DDR-003 — Protocol-based architecture for Engrama v1.0¶
Version: 0.2.0 | Date: 2026-04-12 | Status: Proposed Supersedes: DDR-003 v0.1.0 (Neo4j-only hybrid search)
Context¶
The DAFO analysis identified seven features Engrama needs to compete. Implementing them independently creates rework: hybrid search (#1) hard-wired to Neo4j conflicts with database abstraction (#2); temporal reasoning (#3) touches every query path; security (#4) and multi-scope (#6) cut across all storage operations.
This DDR designs a unified protocol-based architecture where all seven features compose cleanly. The key insight: #2 (database abstraction) is the foundation, not #1 (hybrid search). Every other feature builds on the storage protocols. We define those protocols first, then each feature becomes a layer that plugs in without refactoring what came before.
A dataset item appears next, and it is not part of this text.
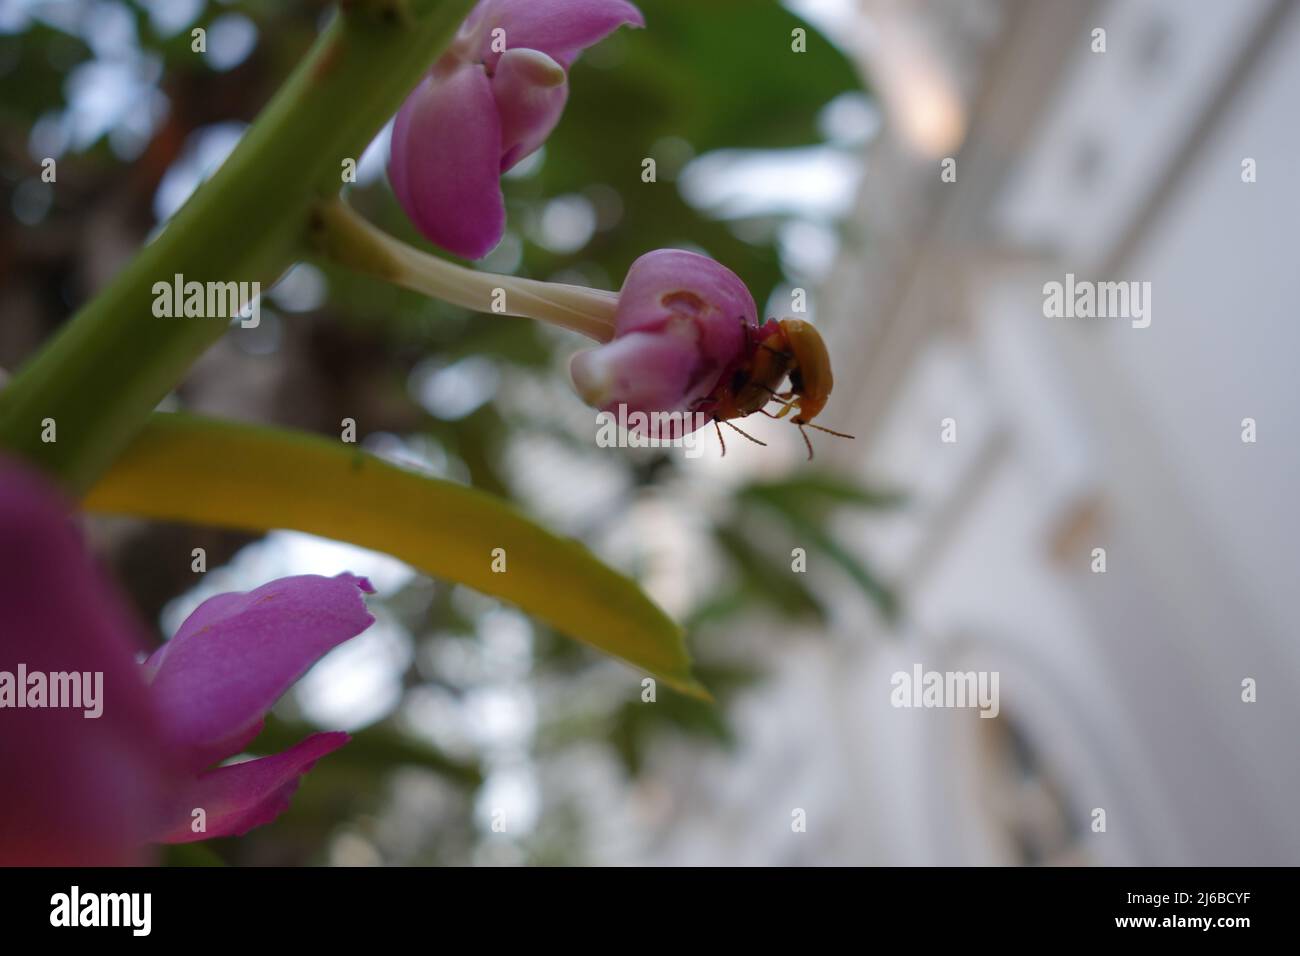 Purple orchid with two yellow beetles against a blurred background Stock Photo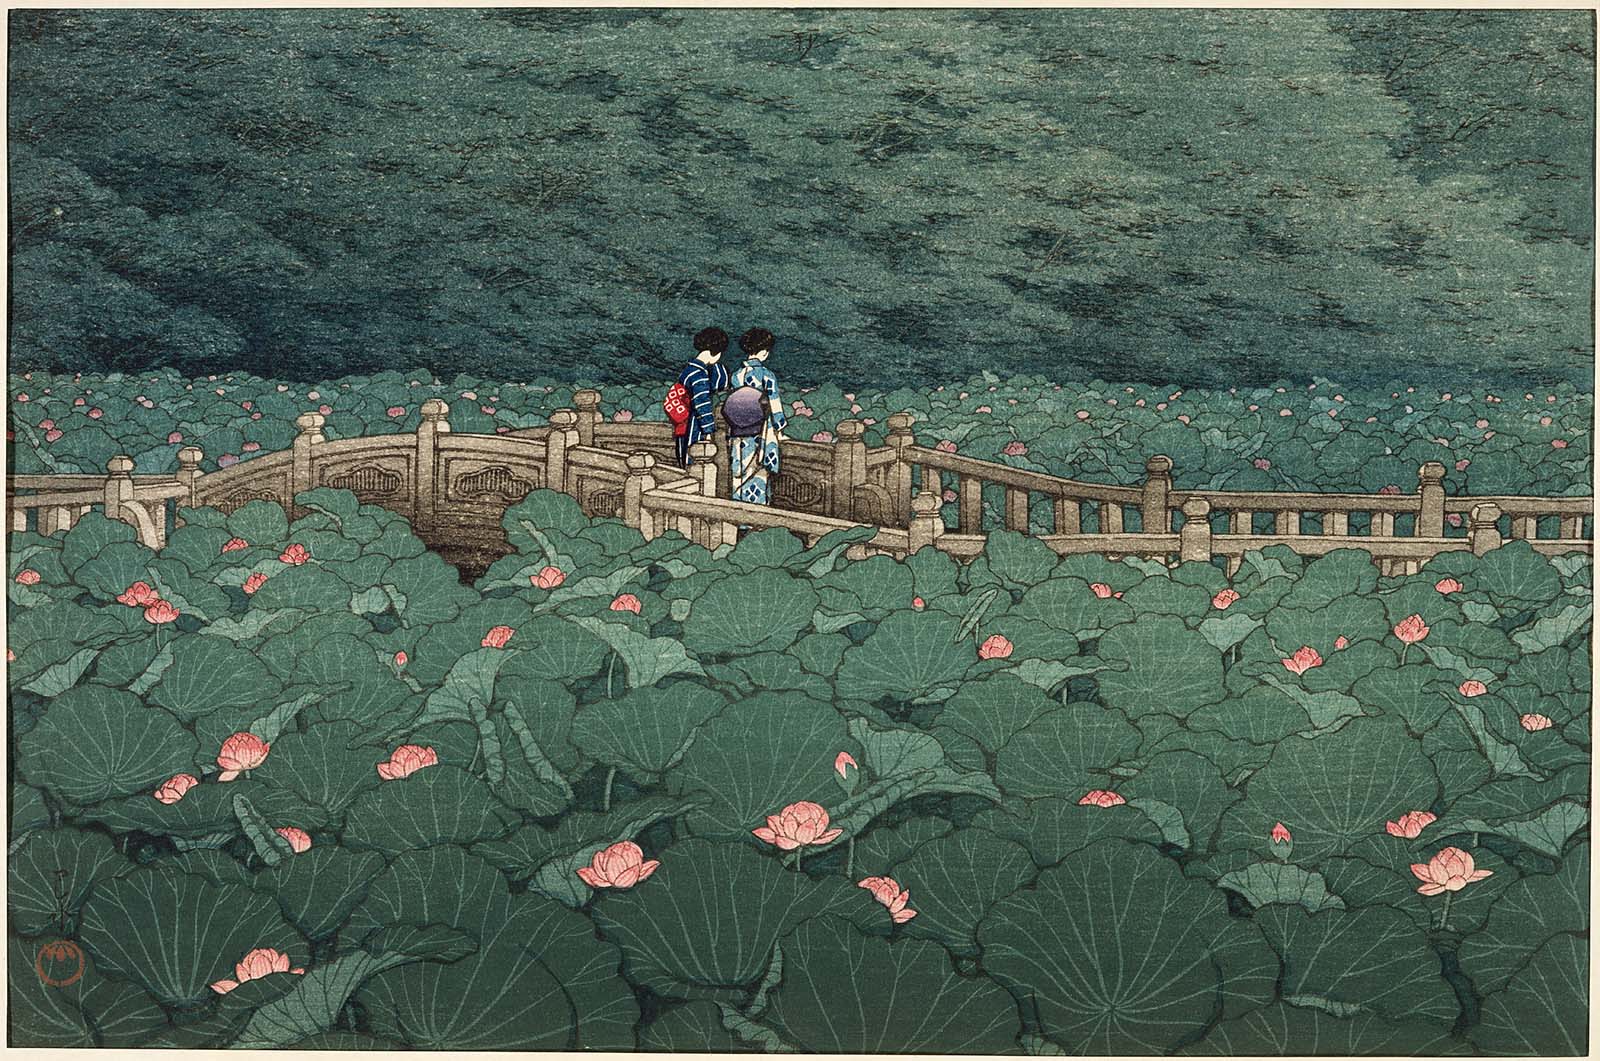 The Pond at Benten Shrine in Shiba by Hasui Kawase - 1929 - 27.3 x 39.8 cm Museum of Fine Arts Boston

The seven features and their dependencies¶
#5 Benchmarks ← needs #1, #3
#6 Multi-scope ← needs #2, #4
#4 Security ← needs #2, #3
#1 Hybrid search ← needs #2, #7
#3 Temporal ← needs #2
#7 LLM-agnostic ← independent
#2 DB abstraction ← FOUNDATION
Implementation order: #2 + #7 → #1 + #3 → #4 → #6 → #5
Decision¶
Replace Engrama's direct Neo4j coupling with three protocol interfaces. Every skill, adapter, and MCP tool talks to these protocols — never to a specific database. Neo4j becomes the first (and default) implementation.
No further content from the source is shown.